_Exercise data_
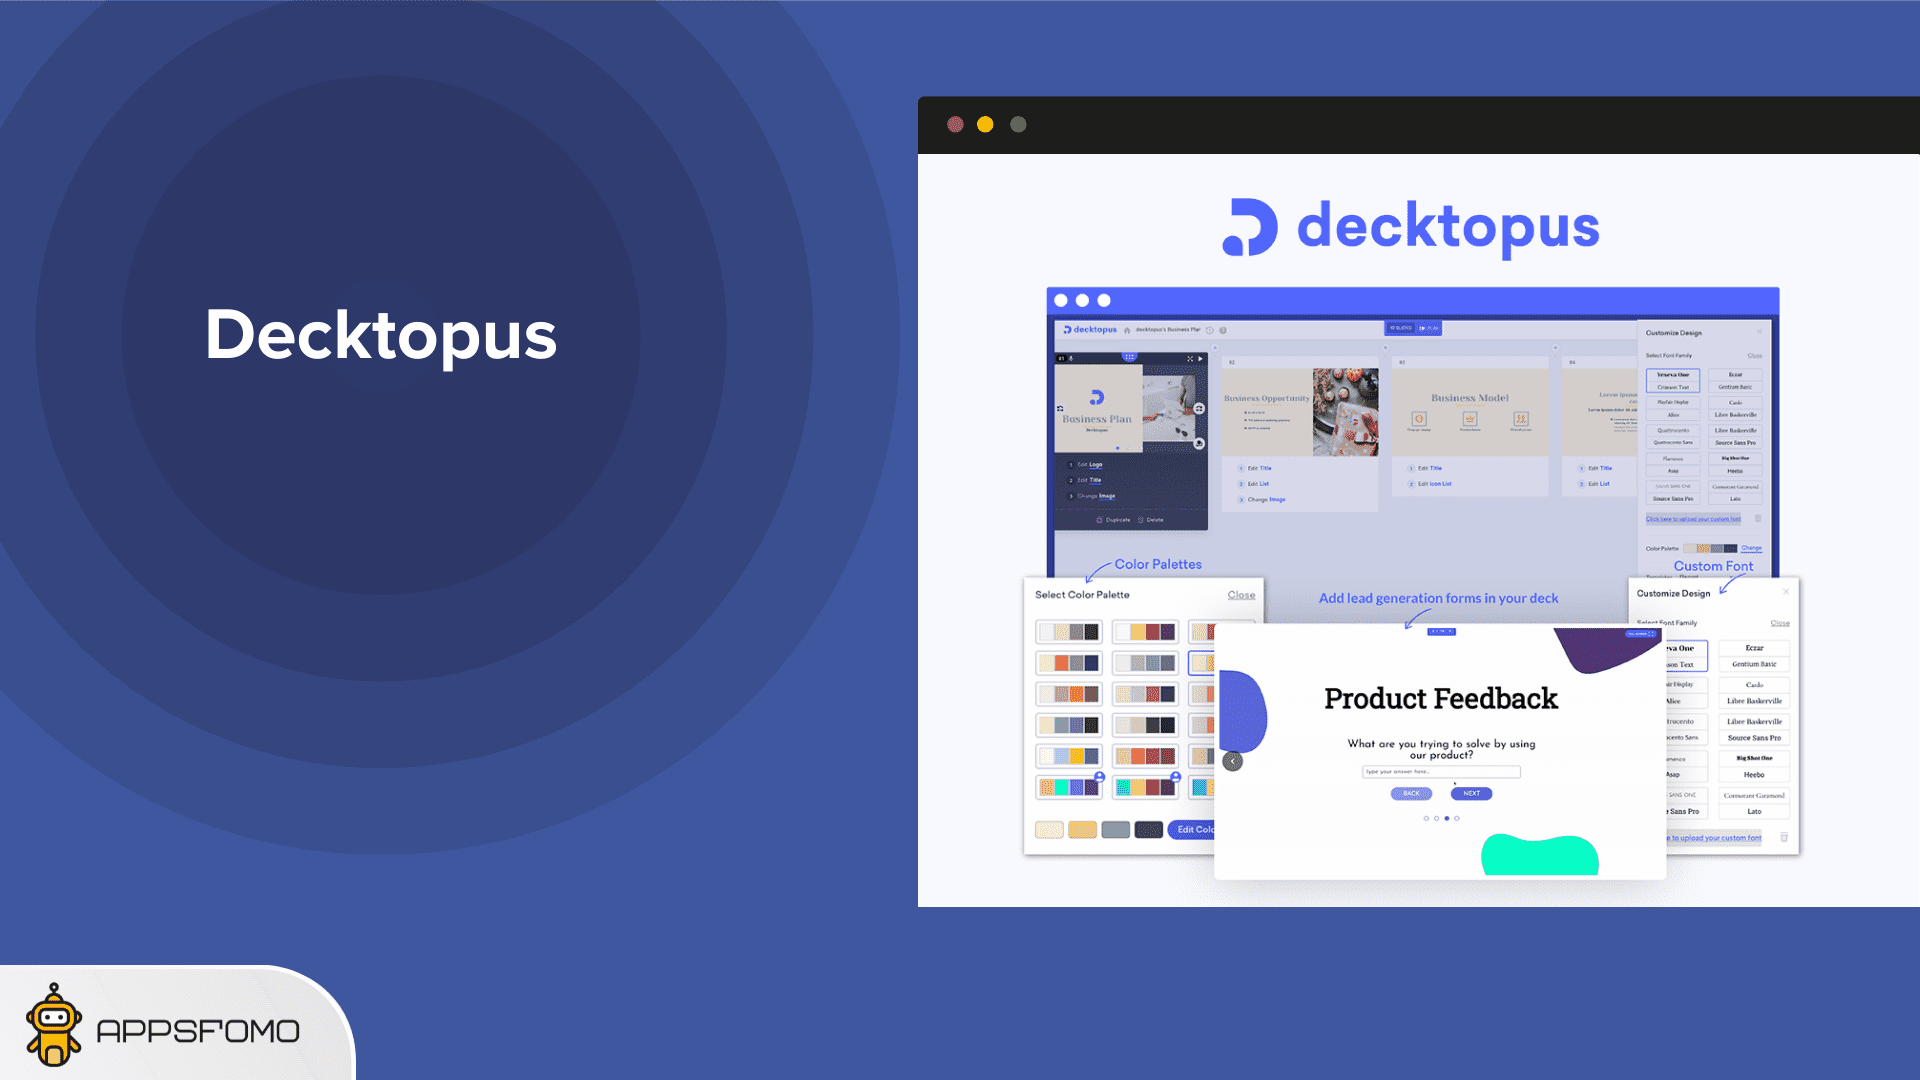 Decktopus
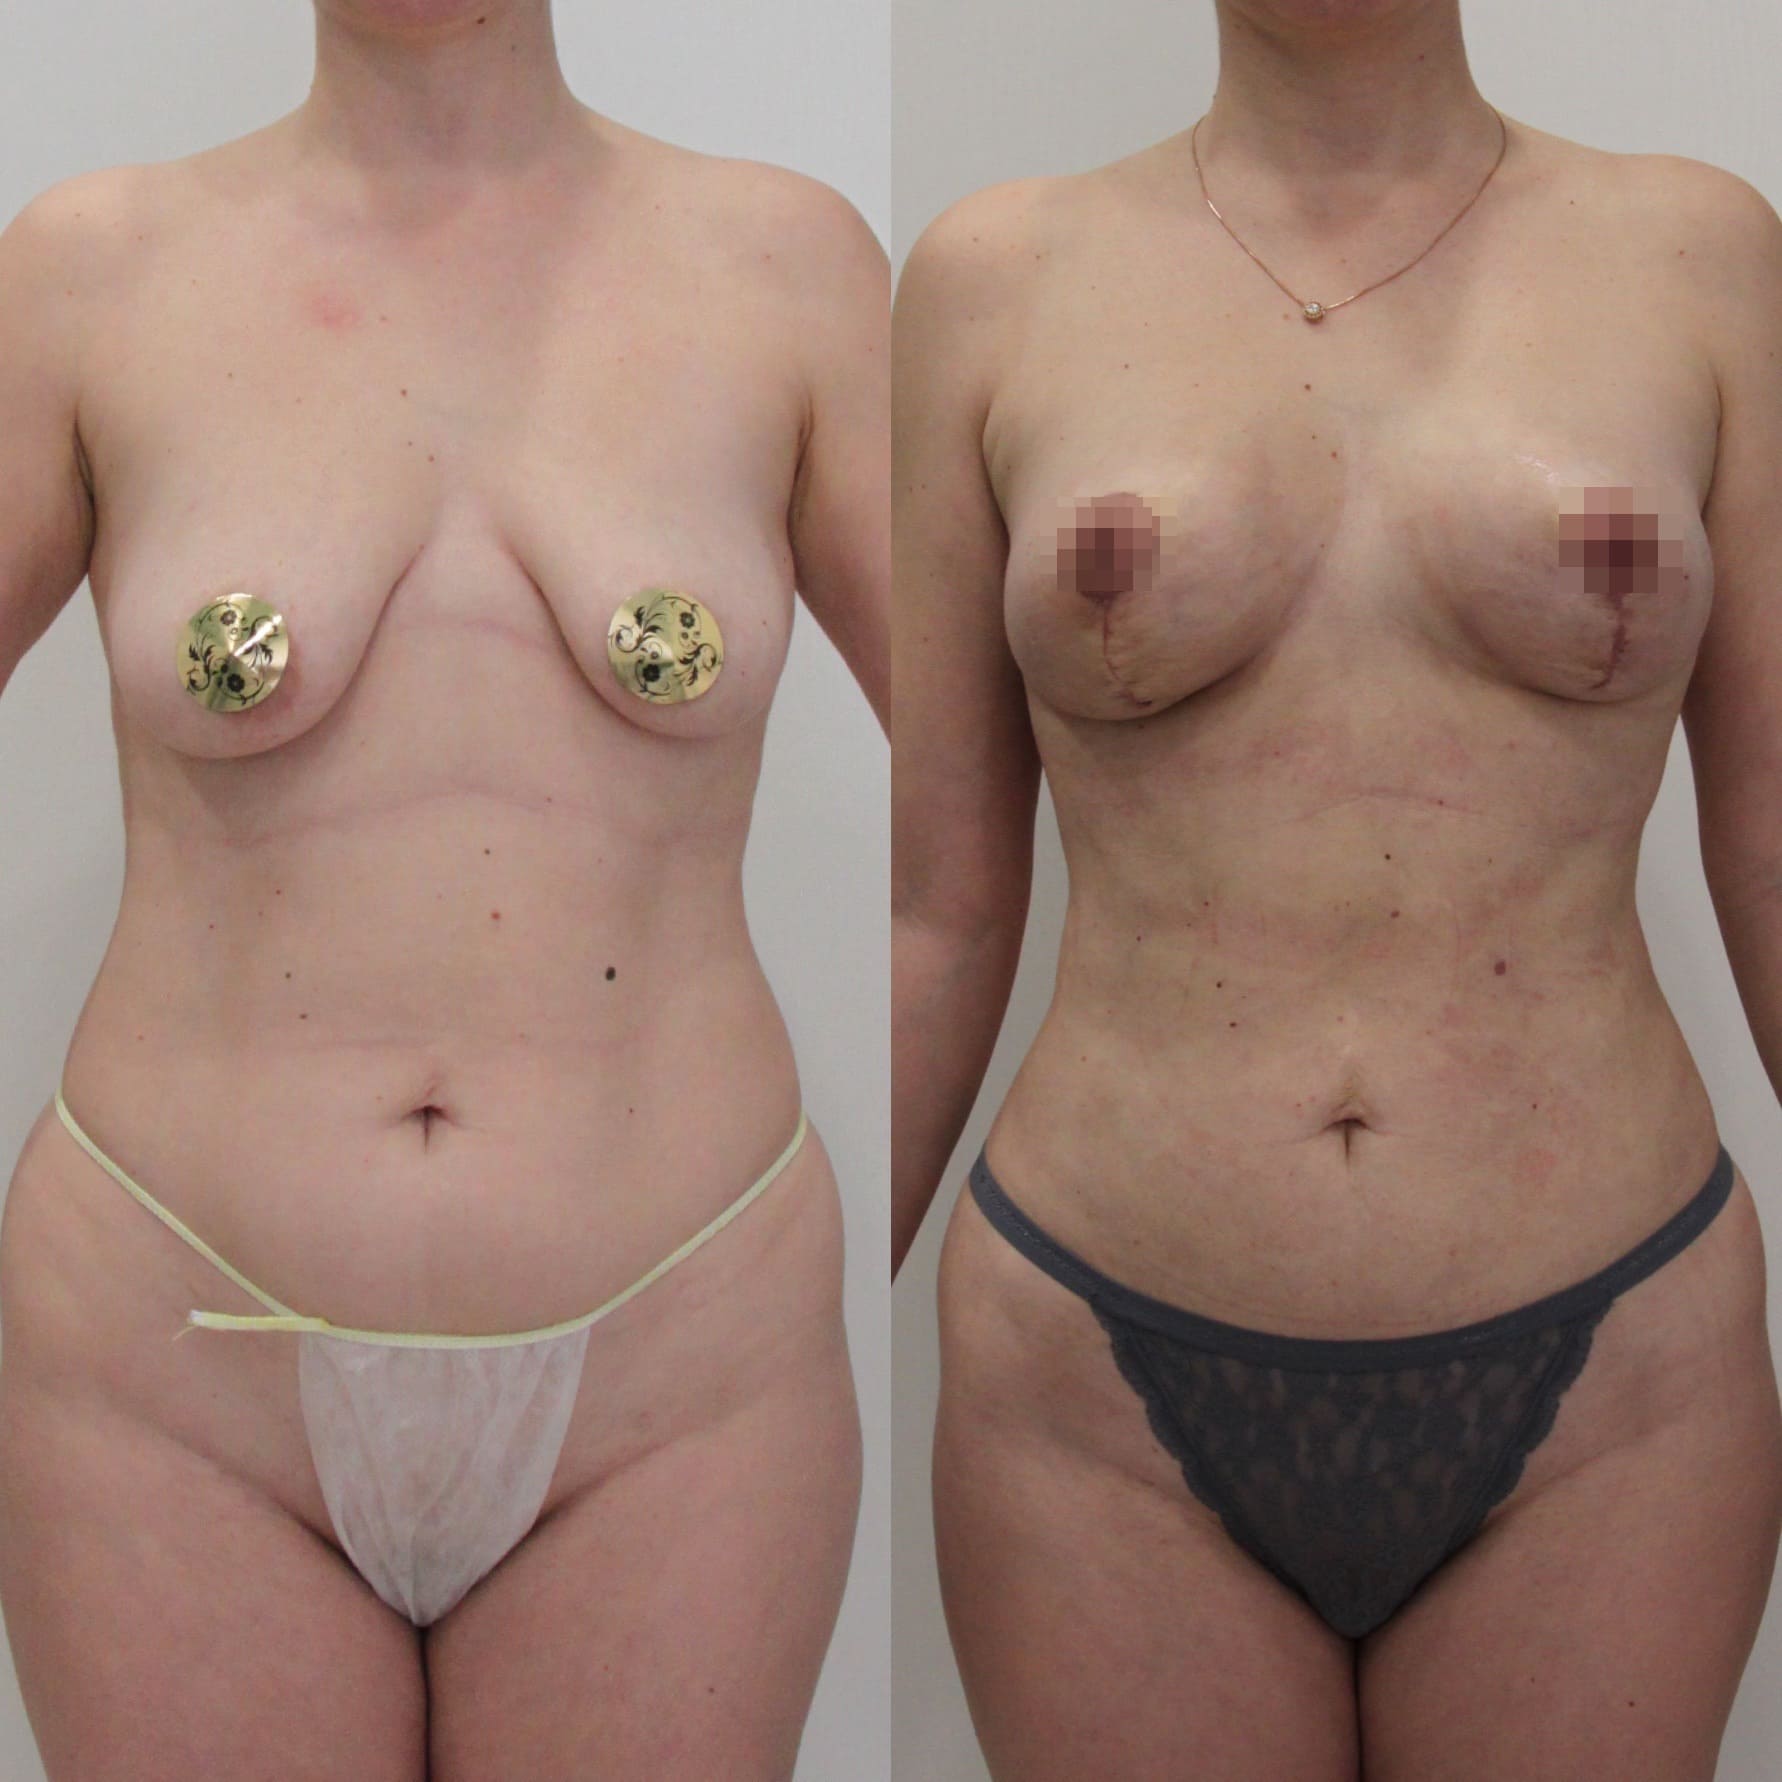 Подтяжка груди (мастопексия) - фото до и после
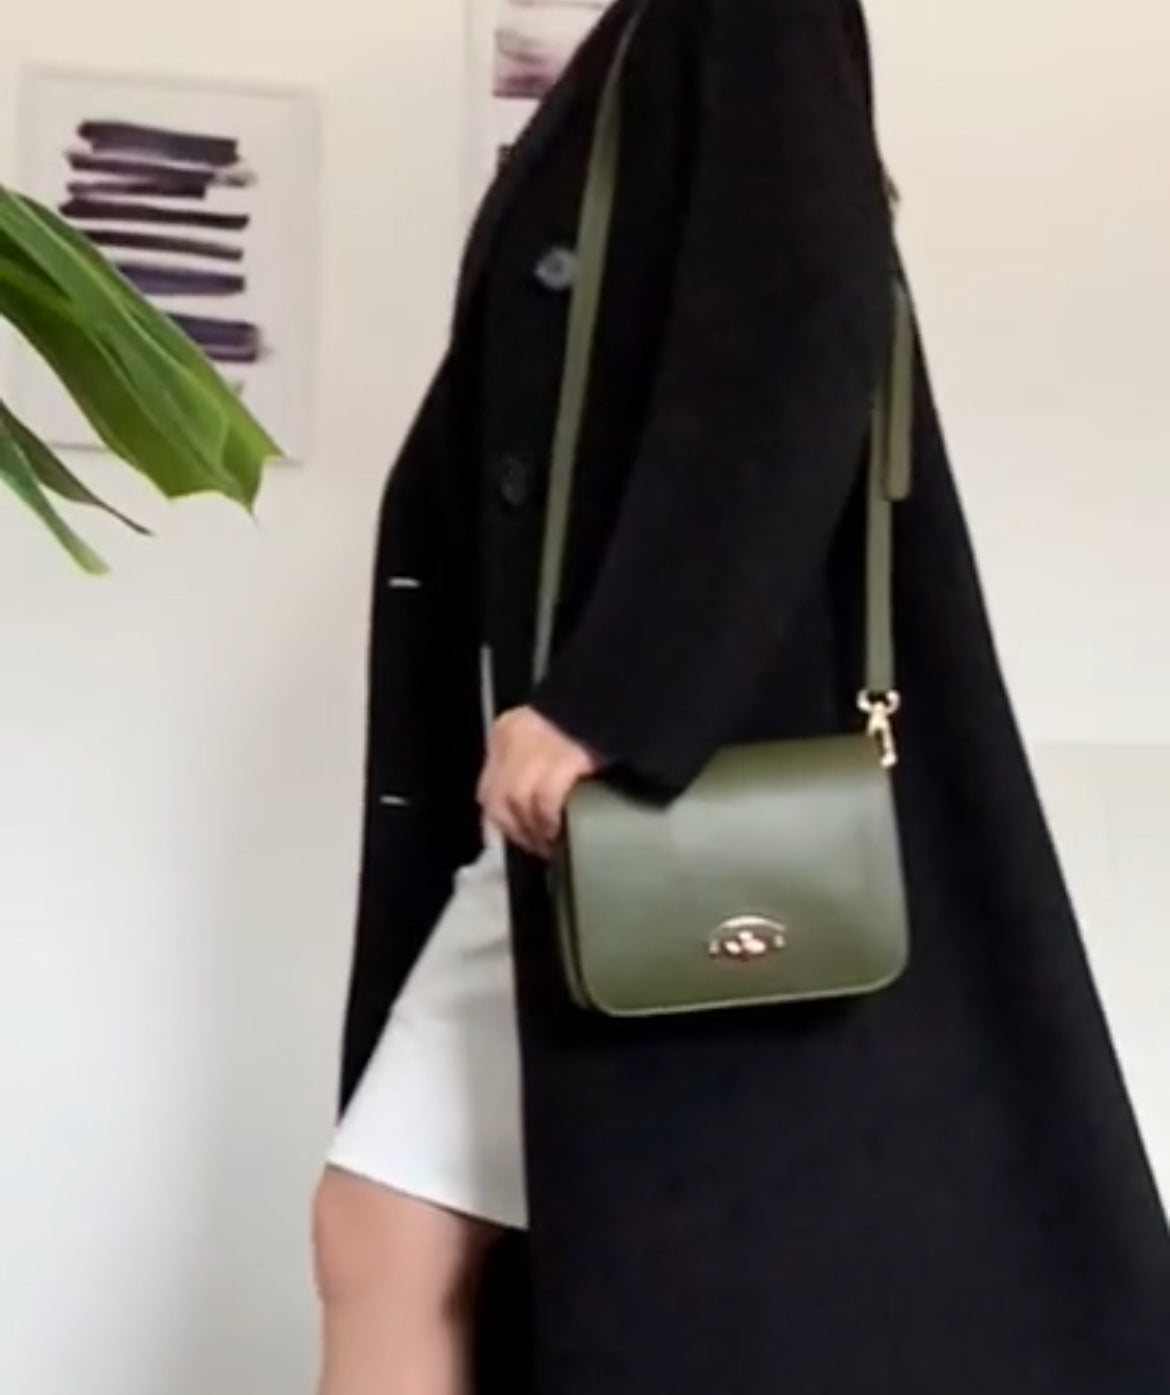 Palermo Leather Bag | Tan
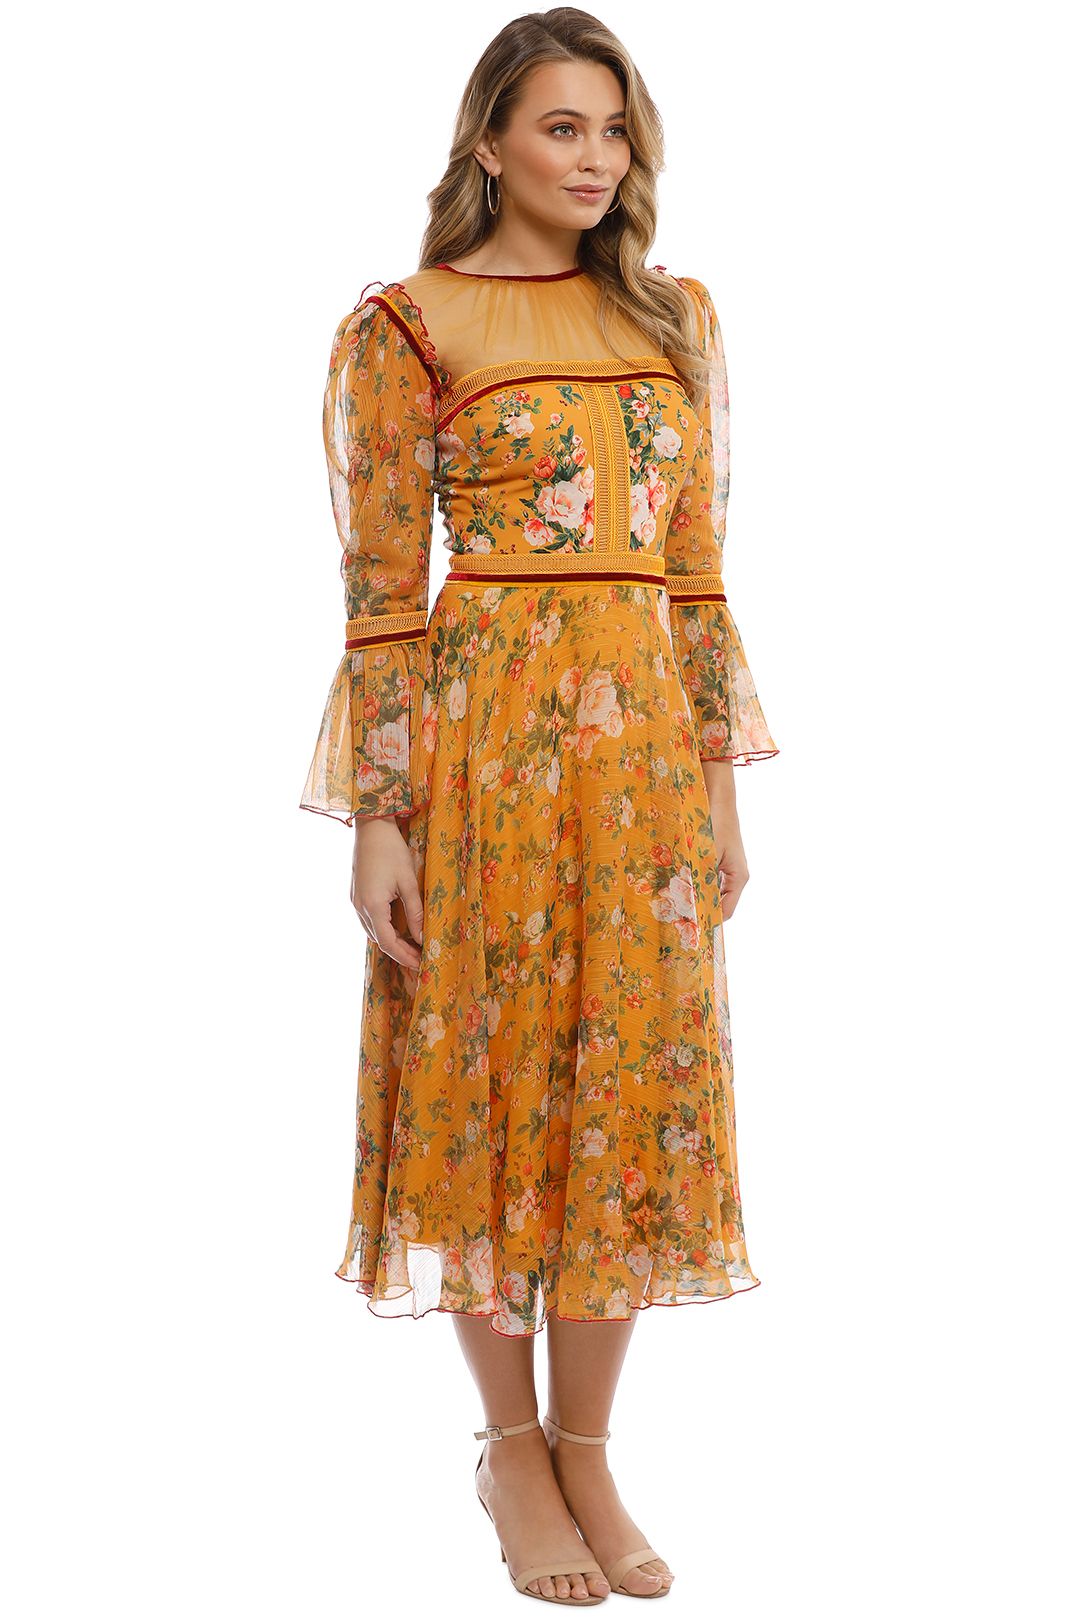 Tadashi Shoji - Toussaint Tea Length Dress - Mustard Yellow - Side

_Activity_
Print out all the material word for word but exclude any images.

_Solution_
 Decktopus
 Подтяжка груди (мастопексия) - фото до и после
 Palermo Leather Bag | Tan
 Tadashi Shoji - Toussaint Tea Length Dress - Mustard Yellow - Side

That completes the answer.